WORK TO BE COMPLETED: Search the data below for the string "design" and copy all lines where it shows up.

MATERIAL SUPPLIED:
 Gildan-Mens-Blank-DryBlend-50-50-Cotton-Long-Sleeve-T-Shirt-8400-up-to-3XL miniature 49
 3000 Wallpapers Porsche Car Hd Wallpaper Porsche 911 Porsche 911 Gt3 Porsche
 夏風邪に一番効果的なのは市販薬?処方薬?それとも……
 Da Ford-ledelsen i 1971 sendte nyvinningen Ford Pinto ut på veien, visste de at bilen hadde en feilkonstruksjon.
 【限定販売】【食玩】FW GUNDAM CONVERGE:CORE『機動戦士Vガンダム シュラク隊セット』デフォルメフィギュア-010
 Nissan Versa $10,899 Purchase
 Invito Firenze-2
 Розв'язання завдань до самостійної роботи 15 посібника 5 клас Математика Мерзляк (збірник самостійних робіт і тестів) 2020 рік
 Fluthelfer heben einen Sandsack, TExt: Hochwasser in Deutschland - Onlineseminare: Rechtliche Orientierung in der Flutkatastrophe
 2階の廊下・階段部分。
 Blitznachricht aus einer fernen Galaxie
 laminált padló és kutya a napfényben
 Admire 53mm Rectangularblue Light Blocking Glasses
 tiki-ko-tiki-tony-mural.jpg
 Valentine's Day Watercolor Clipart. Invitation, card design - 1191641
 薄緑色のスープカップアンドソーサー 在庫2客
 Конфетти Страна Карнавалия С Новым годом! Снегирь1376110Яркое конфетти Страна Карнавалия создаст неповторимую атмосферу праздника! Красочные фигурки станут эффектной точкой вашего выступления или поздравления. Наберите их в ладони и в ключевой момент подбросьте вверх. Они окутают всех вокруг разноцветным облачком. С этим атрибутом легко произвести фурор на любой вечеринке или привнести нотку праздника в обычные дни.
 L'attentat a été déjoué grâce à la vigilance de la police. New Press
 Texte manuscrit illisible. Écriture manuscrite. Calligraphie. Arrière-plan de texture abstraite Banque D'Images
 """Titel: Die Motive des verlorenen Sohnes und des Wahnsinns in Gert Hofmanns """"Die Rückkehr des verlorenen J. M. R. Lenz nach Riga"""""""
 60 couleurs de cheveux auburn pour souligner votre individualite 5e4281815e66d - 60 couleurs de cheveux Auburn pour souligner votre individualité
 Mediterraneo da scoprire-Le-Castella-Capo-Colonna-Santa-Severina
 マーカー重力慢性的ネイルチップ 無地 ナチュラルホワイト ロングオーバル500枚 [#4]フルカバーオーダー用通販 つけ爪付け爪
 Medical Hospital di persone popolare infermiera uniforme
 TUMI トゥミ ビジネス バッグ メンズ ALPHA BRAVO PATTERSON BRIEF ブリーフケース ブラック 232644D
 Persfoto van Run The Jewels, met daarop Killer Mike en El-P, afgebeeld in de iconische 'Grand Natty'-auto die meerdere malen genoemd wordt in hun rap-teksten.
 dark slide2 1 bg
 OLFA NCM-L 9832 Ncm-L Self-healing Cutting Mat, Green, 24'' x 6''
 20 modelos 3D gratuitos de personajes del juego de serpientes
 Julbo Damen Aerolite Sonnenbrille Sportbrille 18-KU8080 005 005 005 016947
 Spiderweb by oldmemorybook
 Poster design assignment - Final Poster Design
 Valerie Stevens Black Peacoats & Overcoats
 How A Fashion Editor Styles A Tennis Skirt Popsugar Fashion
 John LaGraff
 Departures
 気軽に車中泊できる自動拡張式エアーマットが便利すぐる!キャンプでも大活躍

SOLUTION FOR THIS EXERCISE:
 Valentine's Day Watercolor Clipart. Invitation, card design - 1191641
 Poster design assignment - Final Poster Design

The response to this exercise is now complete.